The dimensions added depend on the context (the output of the rest of the brain); and context is meaning.

As sensory signal undergoes an alternation of compressions and expansions, meaningless sensory information is filtered out and meaningful semantic information is added (context).

This process is done through multiple iterations in order to allow recursivity. What is context for a region, if it contributed to the expansion, becomes content for the next one.

The human brain does not remove meaningful complexity. Rather, it changes the dimension over which complexity is expressed, simplifying what is not important and adding complexity when it is meaningful.

Whether something is meaningful, is determined by whether it contributes to taking actions which are of benefit for the organism and/or for its species. (Because the feedback to learning is always feedback which impacts the individual as a whole.)

How AIs handle complexity

In the previous sections, we saw how the human brain does not only use experience to determine which input bits are important but also which dimension of encoding are. It uses experience and learning to determine not only the dimensions over which to remove complexity but also those over which to increase it.

Conversely, because most current AI uses modules, they tend to compress the bandwidth of information exchanged between one module and the other.

Let me clarify: brain regions are not modules, for they receive input from the rest of the brain and for they do not reduce the complexity of their input, only change the dimensions through which it is expressed. The different areas of the human cortex are specialized but not modular.

Because most current AIs tend to reduce complexity, they cannot learn complex combinations of input and context – combinations in which the output is of similar or larger meaningful* complexity than the input. They cannot properly process context. They behave, in a way, as if they suffered from low-functional autism spectrum disorder.

(*): something is meaningful if it informs behavior in a way to increase the probabilities of survival (or if it shortcuts the reward function of the organism, as in the unfortunate case of addictive substances).

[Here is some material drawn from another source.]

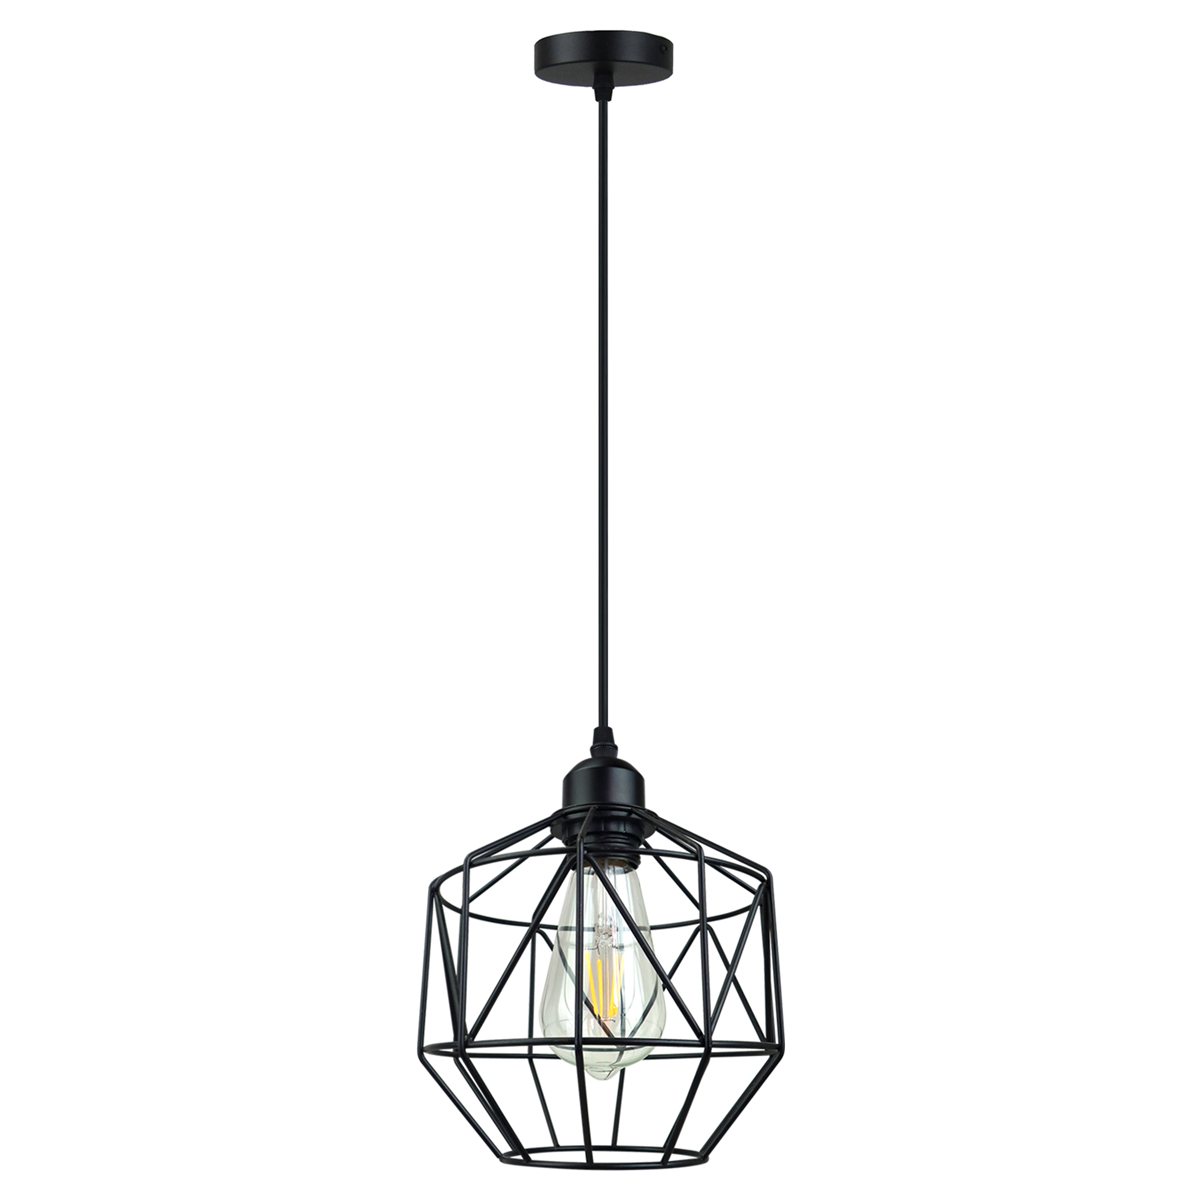 Modern-Home-Metal-Pendant-Lamp-Industrial-Hanging-Light-Fixture-Ceiling-Lamp-1841326-6

In the rare cases of AIs which do not reduce meaningful complexity, if they are modular, they will add complexity over dimensions which are meaningful to them rather than to the AI system as a whole.

The fact that behavior is the output upon which humans are judged ensures, in some measure, that complexity is added upon those dimensions which lead to a more effective behavior.

When some form of modularity is added, this falls apart. When modularity is added in the form of a lack of direct consequences / lack of skin in the game, Intellectuals-Yet-Idiots emerge, creating complex theories with no improvement to the real world. When modularity is added in the form of a modular software architecture, software modules which do not improve the overall behavior of the AI system emerge.

Conclusion

If a machine will ever reach general artificial intelligence (which, by the way, I consider an existential risk), I predict that it will have the following characteristics:

No software modules (at least for its whole core software).
Nodes which do not only decrease complexity of the information arriving to them but also increase it according to information outside the feedforward input to the node (example).
An intelligence limited to the output expressed through actions over which it has some form of skin in the game. I.e., its output over which it won’t have skin in the game will be dumb.

A note: as I am committed to other projects, I did not have time to properly write and proofread this article, which was prompted by a Twitter conversation I had earlier today. I apologize for any grammatical mistakes.

June 2, 2019